At least Serena gave Marion a match, forcing her to outplay her and having a shot at winning the second set. Venus, on the other hand, was incredibly sloppy in losing to Tsvetana Pironkova 6-2 6-3. Credit must go to Pironkova, who has beaten Venus two years in a row (by the same score) at Wimbledon and has won 3 out of 4 meetings. Sometimes there is just a player outside of the top stars that gives a highly ranked player fits. Maybe Pironkova is that player for Venus. Still, Venus was running through a lot of shots and spraying them long and/or wide. It wasn’t even close. It front of newlyweds Prince William and Catherine, the Duke and Duchess of Cambridge, Venus took a royal drubbing in exiting this year’s Wimbledon fortnight.

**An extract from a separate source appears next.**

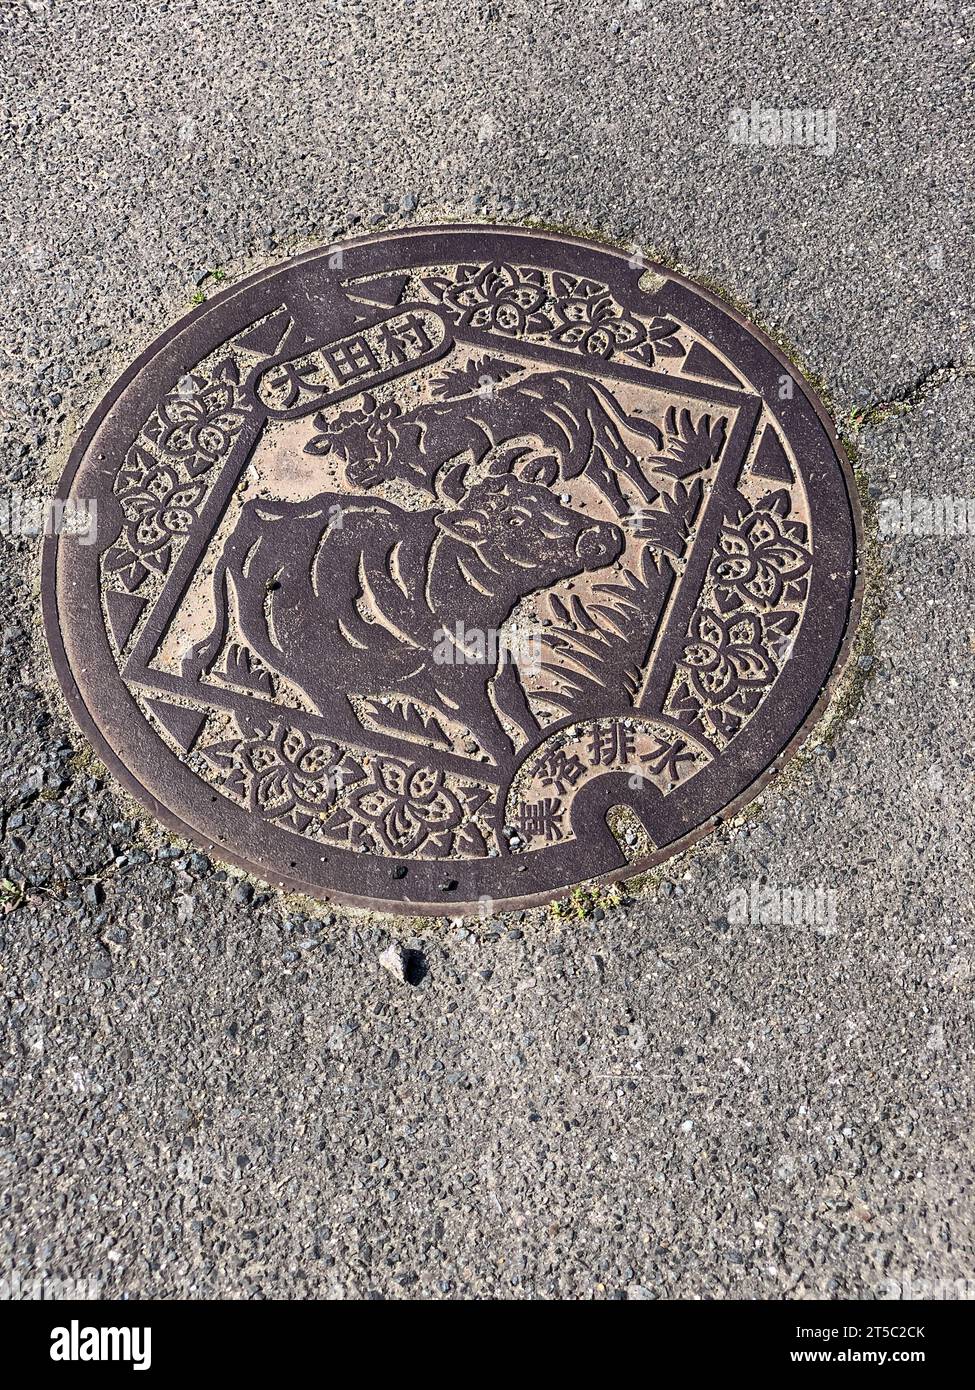 Japan, Kyushu, Kitsuki. Manhole Cover. Stock Photo
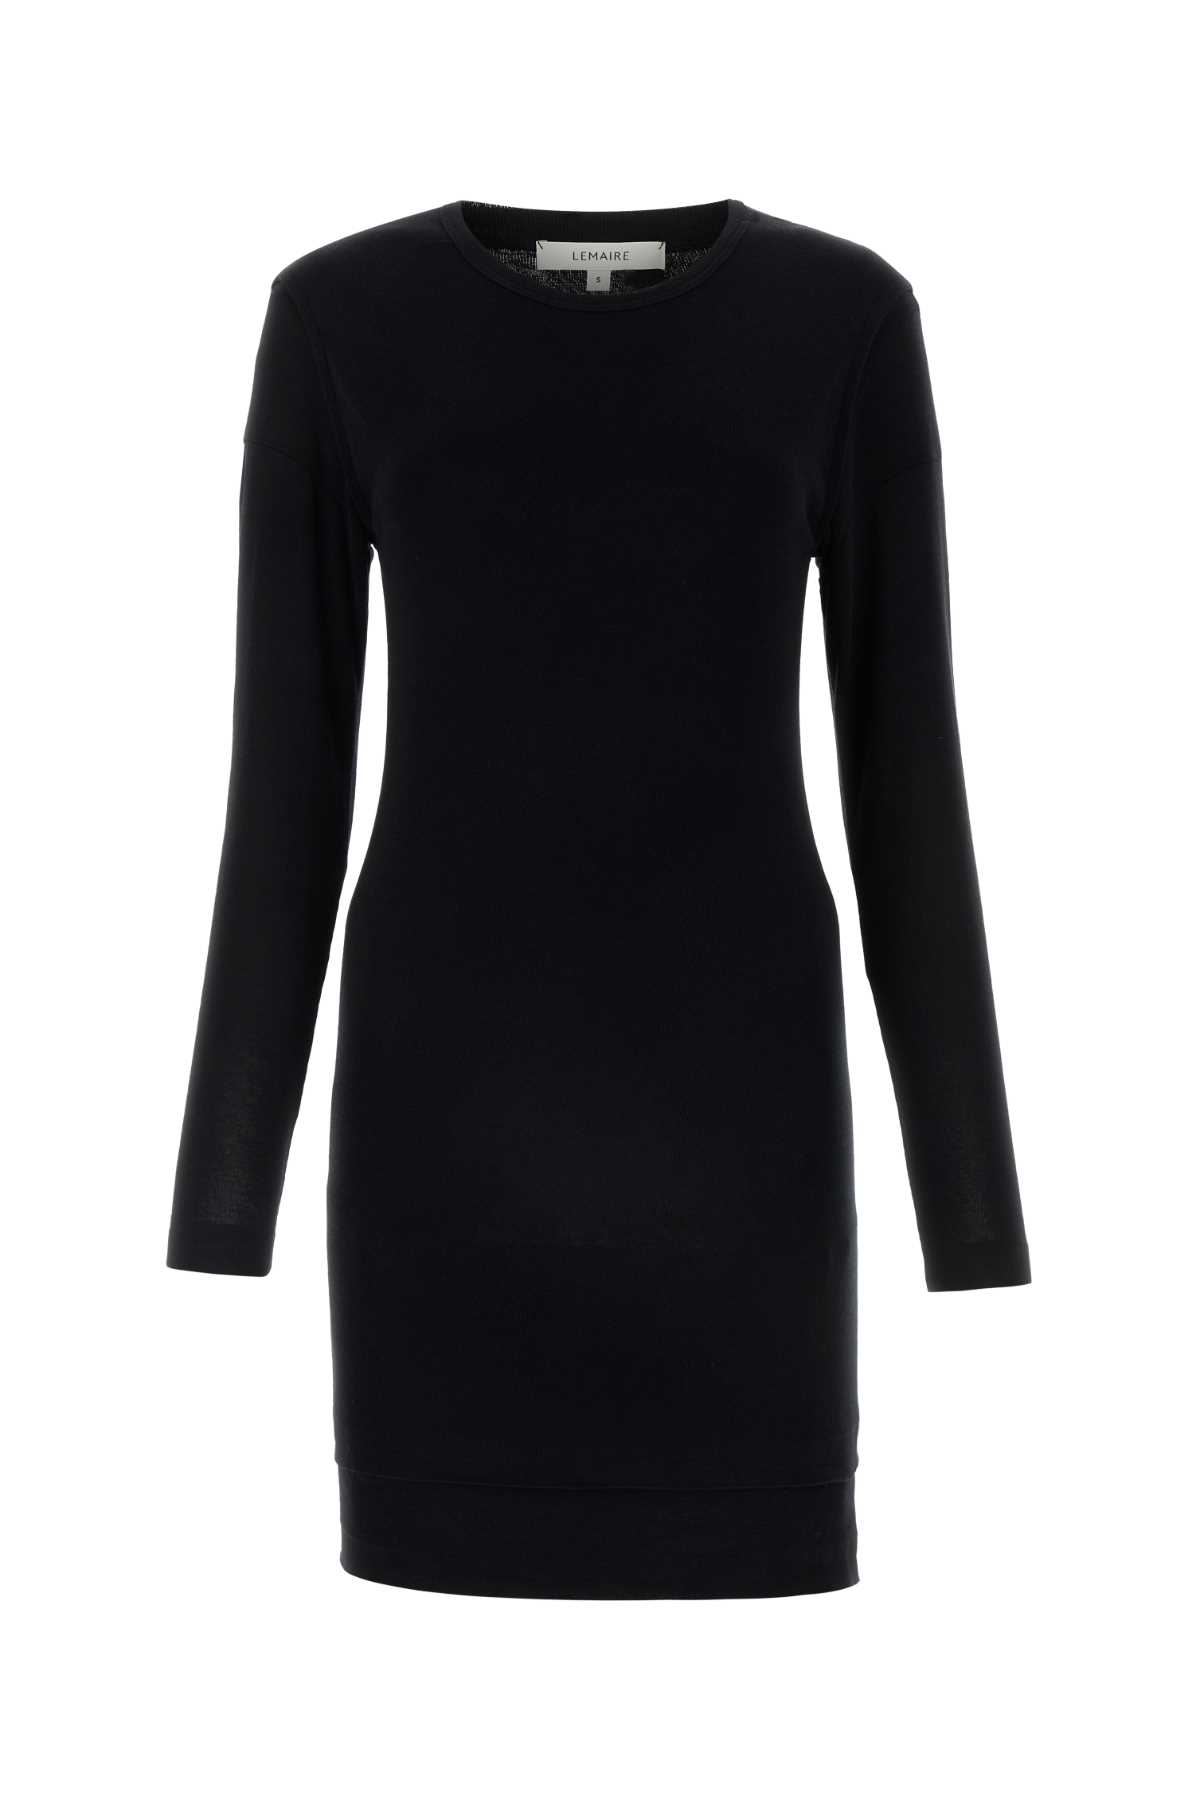 Shop Lemaire Black Cotton Dress

But while Venus took the most lopsided upset of the day, the worst loss was Caroline Wozniacki, who will continue to answer questions about her lack of a Major title despite her many weeks at #1. Caroline’s loss, 1-6 7-6 (5) 7-5 to Dominika Cibulkova, is worse for a couple of reasons. First, she let a player much smaller than her push her around the court and dictate points after blitzing her the first set. There is no reason 5′ 3″ Cibulkova should, for the second time this year, have Caroline on the defensive so much. Caroline must show and play with much more aggression. On top of that, Cibulkova double faulted 10 times and committed 31 unforced errors. Yes, she hit a lot of winners, but with 41 free points there is no excuse for Caroline to have lost this match. I guarantee you that if Marion Bartoli had given 41 free points to Serena Williams, there would not have been an upset. Caroline was snippy after the match about her lack of a Major. Well, if she continues to be ranked #1 without a Major, she will continue to face the same question over and over and over.
The most impressive display of the day was by Petra Kvitova, who torched Yanina Wickmayer 6-0 6-2. It’s not a surprise that Petra won. Many have picked her to win the title, including Martina Navratilova and Patrick McEnroe. But 0 and 2 over a very good player like Wickmayer is sure to raise eyebrows among the other players. Kvitova was a semifinalist last year and has a big lefty game that plays very well on grass. The match that many want to see on her side of the draw is Kvitova against fellow rising star Victoria Azarenka. They both have work to do before that could become a reality in the semis, but if each wins their quarters, that semi could be a preview of life after the Williams sisters and Kim Clijsters. I think Kim, Venus and Serena could have Majors still in them, particularly Serena and Kim at the US Open this year. But as they make way for a new generation of players, the next wave could be led by Petra Kvitova and Victoria Azarenka. Of course, there is a young lady named Maria Sharapova who is only 24 and not ready to forfeit the stage to upstarts anytime soon.
Singles – Fourth Round
(24) Dominika Cibulkova (SVK) d. (1) Caroline Wozniacki (DEN) 16 76(5) 75
(4) Victoria Azarenka (BLR) d. Nadia Petrova (RUS) 62 62
(5) Maria Sharapova (RUS) d. (20) Peng Shuai (CHN) 64 62
(9) Marion Bartoli (FRA) d. (7) Serena Williams (USA) 63 76(6)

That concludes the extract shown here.